Memoirs of photographer

Sooni Taraporevala’s photography project ‘Parsis’, which captures facets of the Parsi community, opens in Delhi today

September 16, 2013 09:57 am | Updated June 02, 2016 12:28 pm IST

Cnadid: Miss you Mr Spencer series, Bombay, 2013. Photo courtesy: Sooni Taraporevala/National Gallery of Modern Art

Cnadid: Miss you Mr Spencer series, Bombay, 2013. Photo courtesy: Sooni Taraporevala/National Gallery of Modern Art

Growing up in Mumbai in a Parsi household, Sooni Taraporevala saw her father click many pictures of their family members and would capture them in black and white images using a twin lens Rolleicord camera. Soon enough, she picked up the camera and started photography on her own.

At first she clicked all that she pleased, including members of her family, and continued to work as a professional photographer. Having spent the better part of her initial photography years in capturing images of her family, she had in her hands, a project, which just needed to be taken up formally. After her encounter with the famous photographer, late Raghubir Singh, who after seeing her work advised her to take up photographing her community, started the 36- year-old and still on-going photography project -- of capturing members of the Parsi community, named “ Parsis ”.

“(Raghubir Singh) saw amongst my eclectic collection of photographs the subject that had been staring me in the face but that I had failed to see, a photographic study of my community. What had begun nostalgically and personally, grew into a more objective project that encompassed a world larger than my immediate family”, said Sooni.

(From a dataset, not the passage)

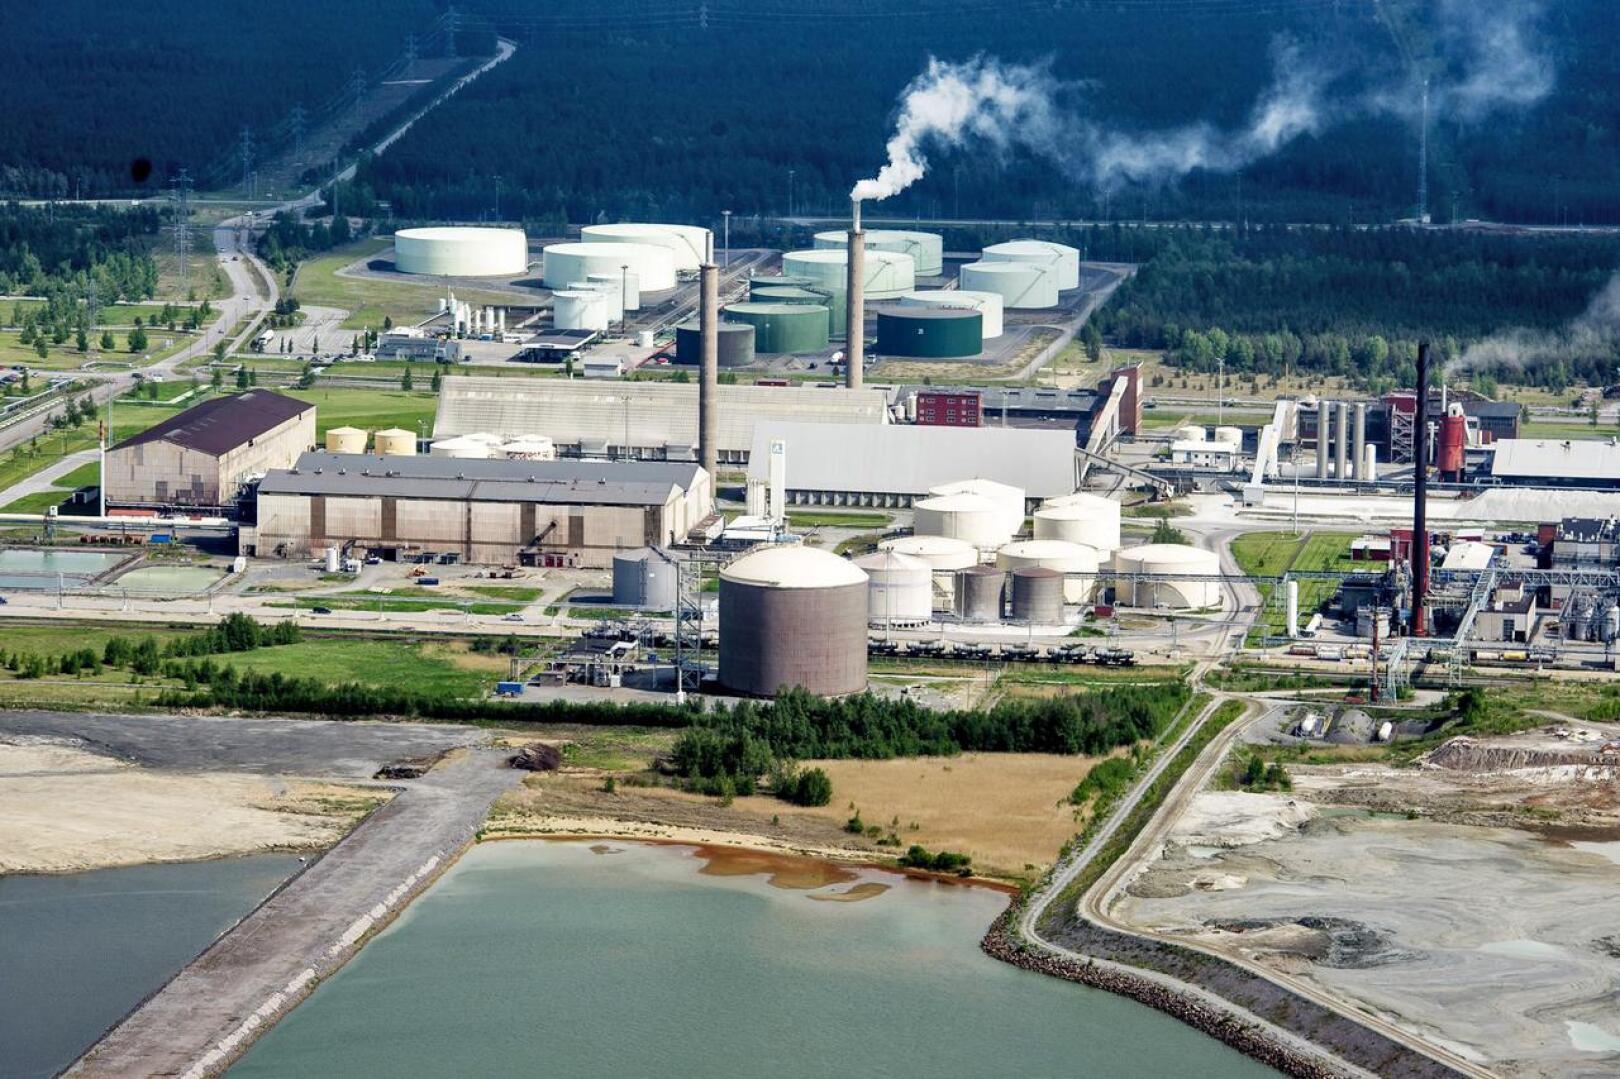 Näkymä Kokkolan suurteollisuusalueelle kesäkuussa 2014. Freeport Cobalt ja Boliden Kokkola kuuluvat Keski-Pohjanmaan merkittävimpiin yhteisöverojen maksajiin.
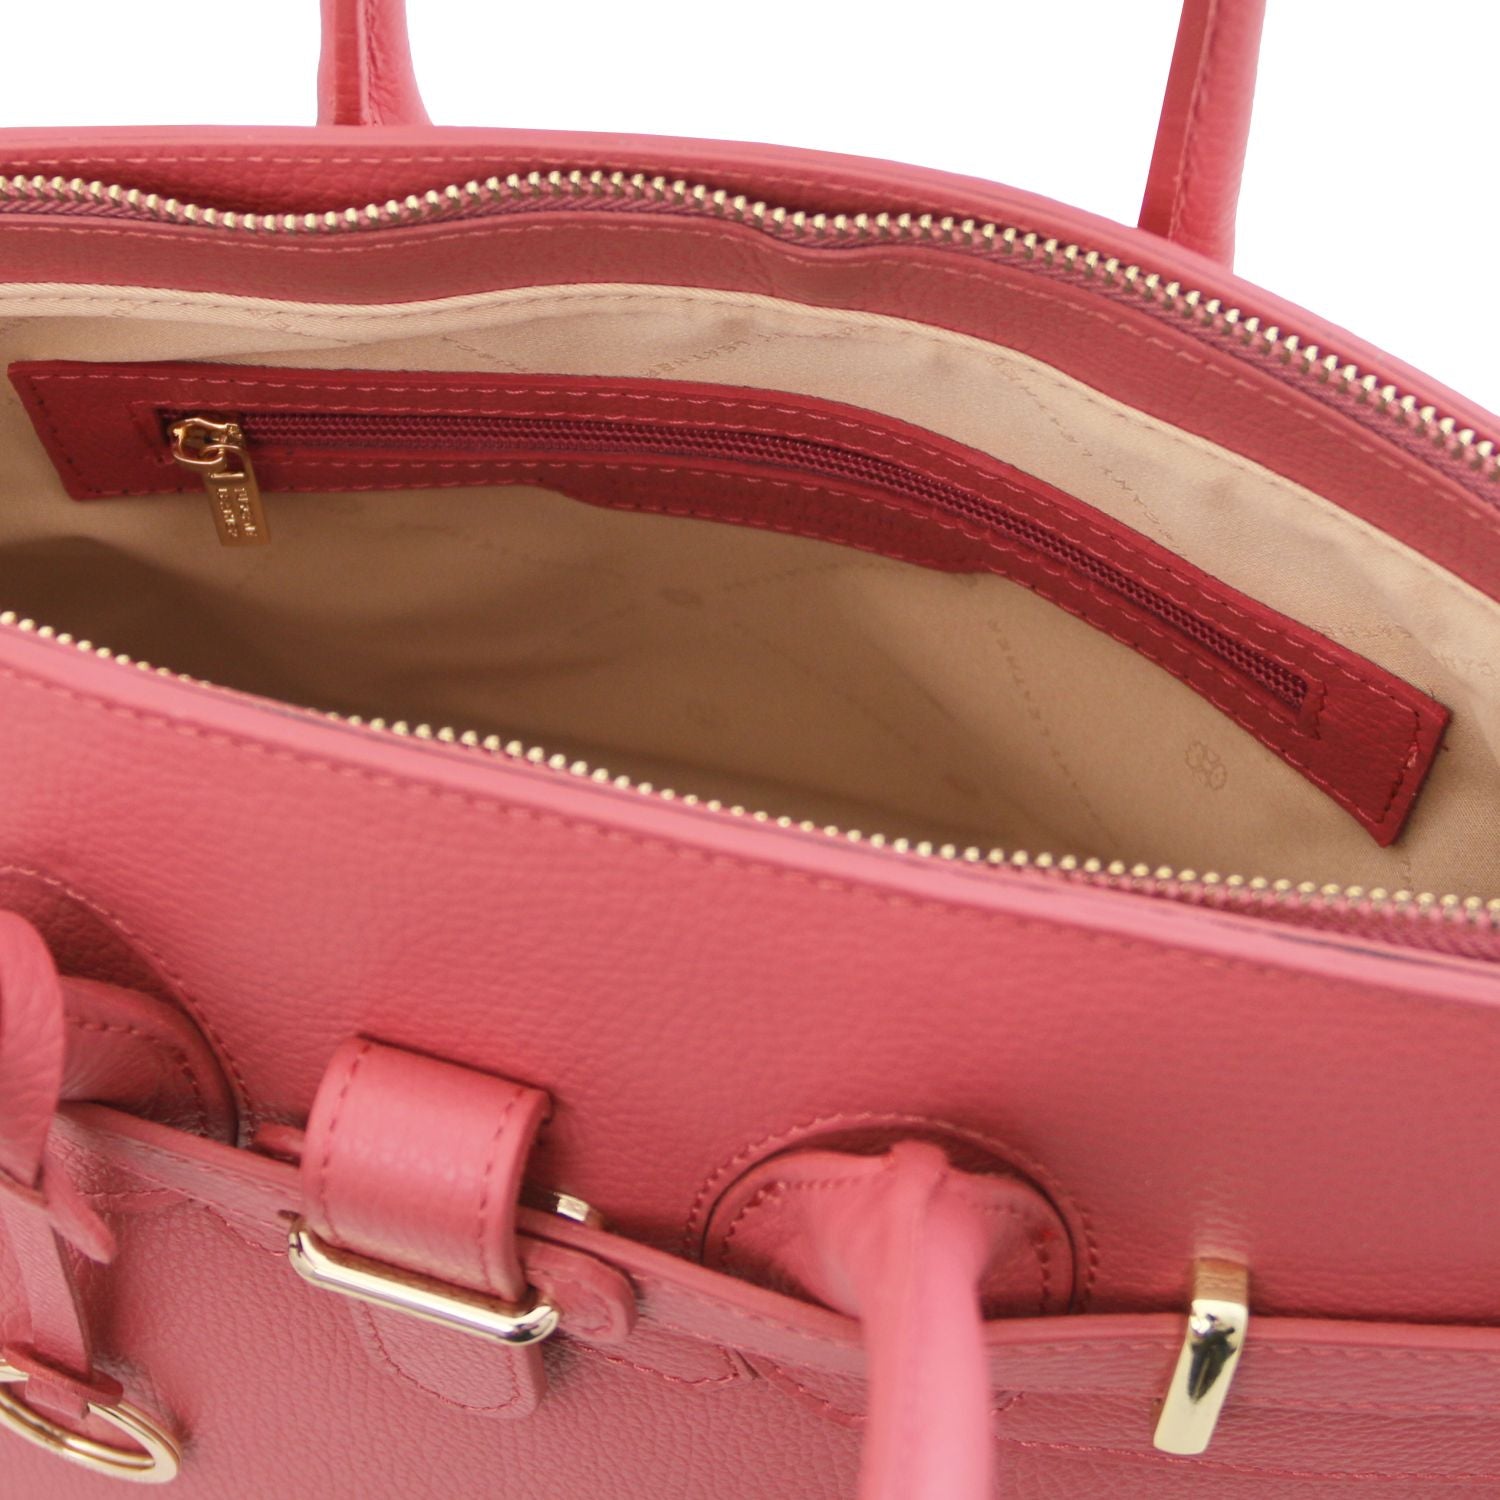 TL Bag - Handväska med Guldspännen

Despite popular Parsi business tycoons and Bollywood culture, knowledge of the community’s existence remains largely hidden in and around India. It was only when Sooni went away to college and started travelling around the world did she realise the dwindling numbers of her community. The statistical truth about the community’s footprint on earth spurred Sooni to capture members of the Parsi community in their true flavour, with men wearing the traditional sola topi and women in short cropped hair. This was not to portray stereotypical images but to capture them in their characteristic facets; and not to be lost in the faceless metropolitan. “Numerically we are a dying community. In the future will we still be around? I don’t know the answer to that question. Perhaps that is the reason why, despite several detours, the project I began 36 years ago is still on-going,” said Sooni.

Her exhibition opens in Delhi at the India Habitat Centre today.